Они опять опрокинули по рюмке. Сумароков пил медленно, мелкими глотками, по-женски оттопырив мизинец, и костистый подбородок некрасиво двигался. Не медля, они выпили еще по одной, просто так, с мороза, потом с устатку; Петра, несмотря на плохое здоровье, только наливался багровым румянцем, но не пропускал.
С каждой рюмкой он становился сановитее, дороднее как-то, а гость, напротив, уже распахнул мундир, показал белую батистовую рубаху и тонкую шею с острым кадыком.

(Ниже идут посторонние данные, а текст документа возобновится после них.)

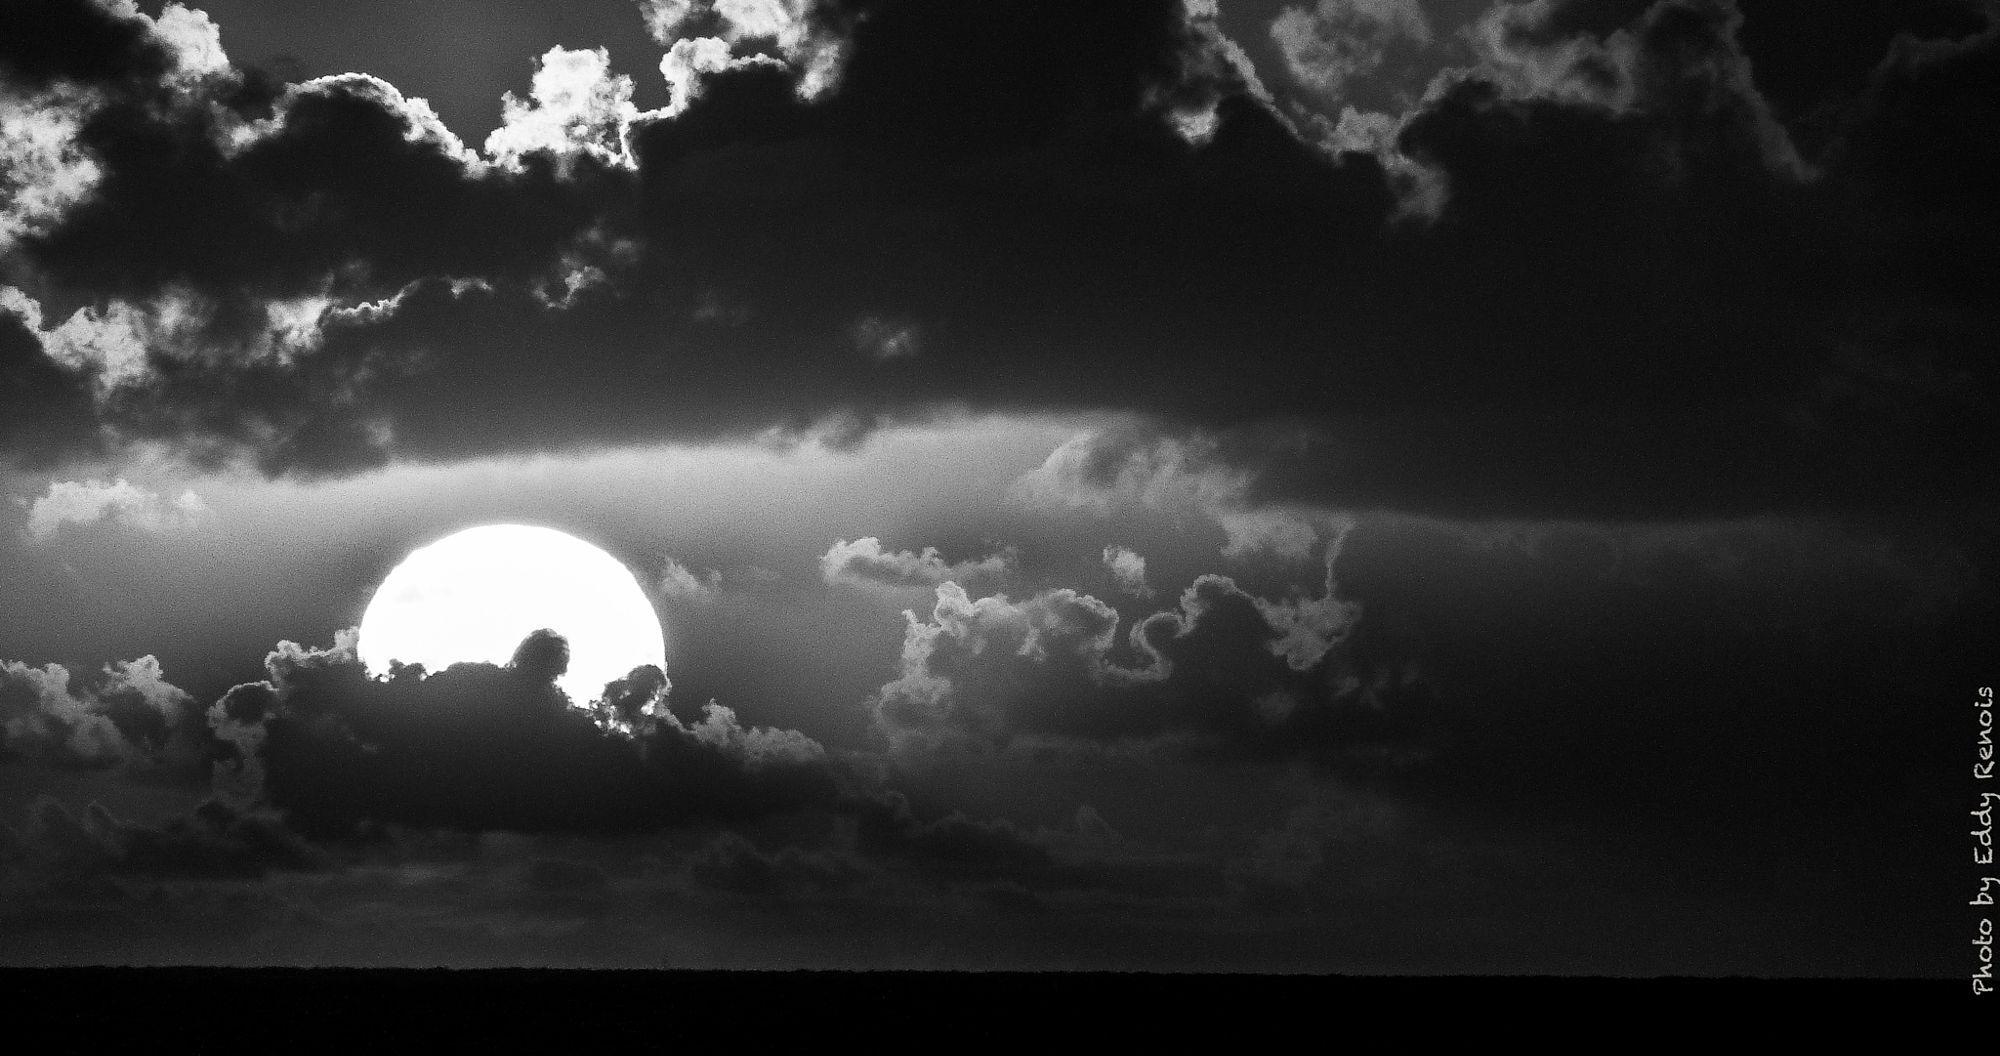 #500px Select #Photography : sun by EddyRenois https://t.co/TCzGLtl2vY   treesskysunrisemorninglakeforestgir  #photography

– Скажите, мы ведь люди глупы, темны, что там на свете-то белом деется? У меня зятелко, Михейко-рыжий, часто в Петенбург ходит, а окромя торговли ничего опять же не смыслит. А мне и хочется знать, – ласково спросил Петра Афанасьич.
– Живут, везде живут, – отмахнулся Сумароков.

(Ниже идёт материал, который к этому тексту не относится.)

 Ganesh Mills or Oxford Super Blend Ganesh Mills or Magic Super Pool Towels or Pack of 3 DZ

– Ну как не жить-то, живут, – глубокомысленно согласился Петра Афанасьич.
– Во Франции вот короля выгнали.
– Ой-ой, – изумился Петра, – да как же они так...
– Свободомыслие, да-с, братец. И давненько. И опять же у них культура. Они там лягушек едят, а мы нос на сторону. Погань, кричим, нечисть. Европа, одно слово.
– Турки, они такие...
– Какие турки, дикий ты человек. Французы проживают в той стороне да немцы.
– Может, и хранцузы, а все одно турки и басурманы. Мы не знаем про их и знать не хотим, – неожиданно сурово возразил Петра Афанасьич и, не убоявшись гостя, осенил себя истинным крестом. – Антихристовы дети, еретики. У них и понимание-то басурманское, своего государя-батюшку эдак.
– А они вот решились, да.
– Слава те осподи, у нас все тихо. Благодать у нас. Мы до этого не допустим. Да и как можно батюшку-государя выгнать.
– Мы-то не допустим. Поелику с Богом живем и с верой в государя, – согласился Сумароков и поспешил перевести разговор на другое. – Ну а вы здесь как, не обижают? Старшина там, староста, может, с уезда кто, дак ты, братец, скажи. Мы того, знаешь...
– Премного благодарен, ваше благородие. Живем мы тут тихо, мирно, греха не ведем.
– Так уже не ведете, ой ли?
– Нет, нет, греха у нас не ведется. И случается, кто против миру возвысится, голос подымет, дак мы того быстро окрутим и глотку заткнем. Мы ведь тут как братья Христовы живем, друг о дружке приткнулись, вот и тепло нам, – раскатисто захохотал Петра Афанасьич, но из щелок глаза выглядывали проницательно и холодно.
Землемер случайно поймал этот взгляд и подумал весело: «Вот где волчище...»
– Так, значит, в миру живете. А в Совполье жалобятся...
– Ежели неправедность где, правеж надобно навести. Это так... А у нас мир, – вздохнул Петра Афанасьич и кротко улыбнулся. – Кто придет ко мне, в ноги падет, последним поделюсь. Боже правый, ослобони от греха и соблазна, дай пожить в миру и согласии. А в Совполье они завсе поперечны, у них веком ладу не было. Не прикажете ли, ваше благородие, приготовить отправление? – спросил Петра, раздумывая, кого бы послать в дорогу.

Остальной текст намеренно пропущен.